Question
A 52-year-old man presents with fever, cough producing sputum, and breathlessness. A diagnostic urine test for a bacterial infection is performed. The test is reported to have a specificity of 97% and sensitivity of 70%.
What does the specificity value indicate?
a) Percentage of diseased individuals who test positive
b) Percentage of diseased individuals who test negative
c) Percentage of healthy individuals who test positive
d) Percentage of healthy individuals who test negative
e) Probability that a negative test truly rules out disease
Answer
d) Percentage of healthy individuals who test negative
Detailed Explanation
Specificity measures how well a test correctly identifies those without the disease.
Mathematically:
Specificity = TN / (TN + FP)
- TN (True Negative): Healthy people correctly identified as disease-free
- FP (False Positive): Healthy people incorrectly labeled as diseased
👉 So, specificity answers:
“Out of all people who DO NOT have the disease, how many test negative?”
Key Interpretation
- High specificity (e.g., 99%) → very few false positives
- A highly specific test is useful for ruling IN disease
(Mnemonic: SPIN = Specific test when Positive rules IN)
Why other options are wrong
- a) = Sensitivity
- b) = False negatives (not a standard definition)
- c) = False positive rate
- e) = Negative Predictive Value (NPV), not specificity
Cheat Sheet (Exam Ready)
Core Definitions
- Sensitivity = TP / (TP + FN) → Detect disease
- Specificity = TN / (TN + FP) → Exclude disease
- PPV = TP / (TP + FP) → “If positive, how likely disease?”
- NPV = TN / (TN + FN) → “If negative, how likely no disease?”
Mnemonics
- SnNout → Sensitive test Negative → rules OUT
- SpPin → Specific test Positive → rules IN
High-yield facts
- Specificity ↑ → False positives ↓
- Sensitivity ↑ → False negatives ↓
- PPV/NPV depend on prevalence
- Likelihood ratios do NOT depend on prevalence
Flash Cards
Q1. What is specificity?
A. Proportion of people without disease who test negative
Q2. Formula for specificity?
A. TN / (TN + FP)
Q3. High specificity means what?
A. Few false positives
Q4. Which is better for ruling in disease?
A. High specificity
Q5. Does specificity depend on prevalence?
A. No
MCQs (Challenging Level)
MCQ 1
A test has high specificity. Which statement is true?
a) It rarely misses disease
b) It produces few false positives
c) It has high sensitivity
d) It is ideal for screening
Answer: b
Explanation: High specificity = low FP rate.
MCQ 2
Which of the following best defines specificity?
a) TP / (TP + FN)
b) TN / (TN + FN)
c) TN / (TN + FP)
d) TP / (TP + FP)
Answer: c
Explanation: Standard definition.
MCQ 3 (False question)
Which of the following about specificity is FALSE?

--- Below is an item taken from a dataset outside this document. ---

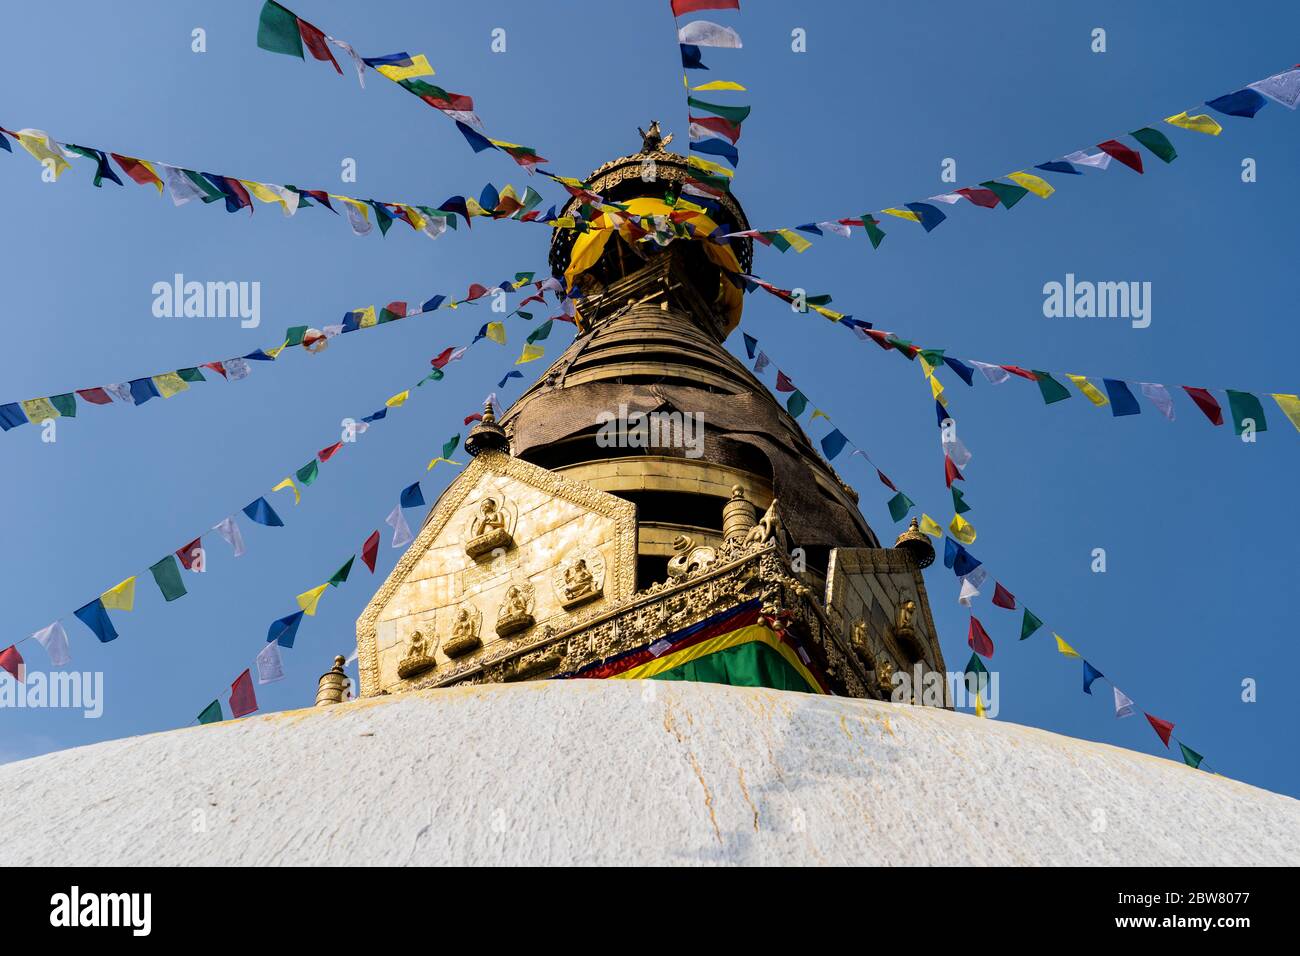 Swayambhu Stupa également connu sous le nom de Temple des singes, Katmandou, Népal, népalais, Asie, Asie, pays himalayen, Himalaya. Banque D'Images

a) It is independent of disease prevalence
b) It decreases as false positives increase
c) It measures ability to detect disease
d) It is high in confirmatory tests
Answer: c
Explanation: That is sensitivity.
MCQ 4
A test has 100% specificity. What does it imply?
a) No false negatives
b) No false positives
c) All diseased patients test positive
d) Perfect screening test
Answer: b
Explanation: FP = 0.
MCQ 5
Which measure answers: “If test is negative, what is probability patient is disease-free?”
a) Specificity
b) Sensitivity
c) NPV
d) PPV
Answer: c
Explanation: NPV relates to post-test probability.
MCQ 6
Which scenario best uses a highly specific test?
a) Screening general population
b) Ruling out disease
c) Confirming suspected diagnosis
d) Estimating prevalence
Answer: c
Explanation: Specific tests confirm disease (SPIN).
Summary for Quick Exam Revision
Specificity is the proportion of individuals without disease who correctly test negative, mathematically expressed as TN divided by TN plus FP. It reflects a test’s ability to avoid false positives, making it crucial for confirming diagnoses rather than screening. A highly specific test, when positive, strongly suggests disease presence (SPIN principle). In contrast, sensitivity focuses on detecting disease and avoiding false negatives. Predictive values depend on disease prevalence, whereas specificity and sensitivity do not. Understanding the 2×2 contingency table is essential, as all diagnostic test parameters derive from it. High specificity is particularly valuable in situations where false positives carry significant consequences, such as invasive treatments or psychological impact.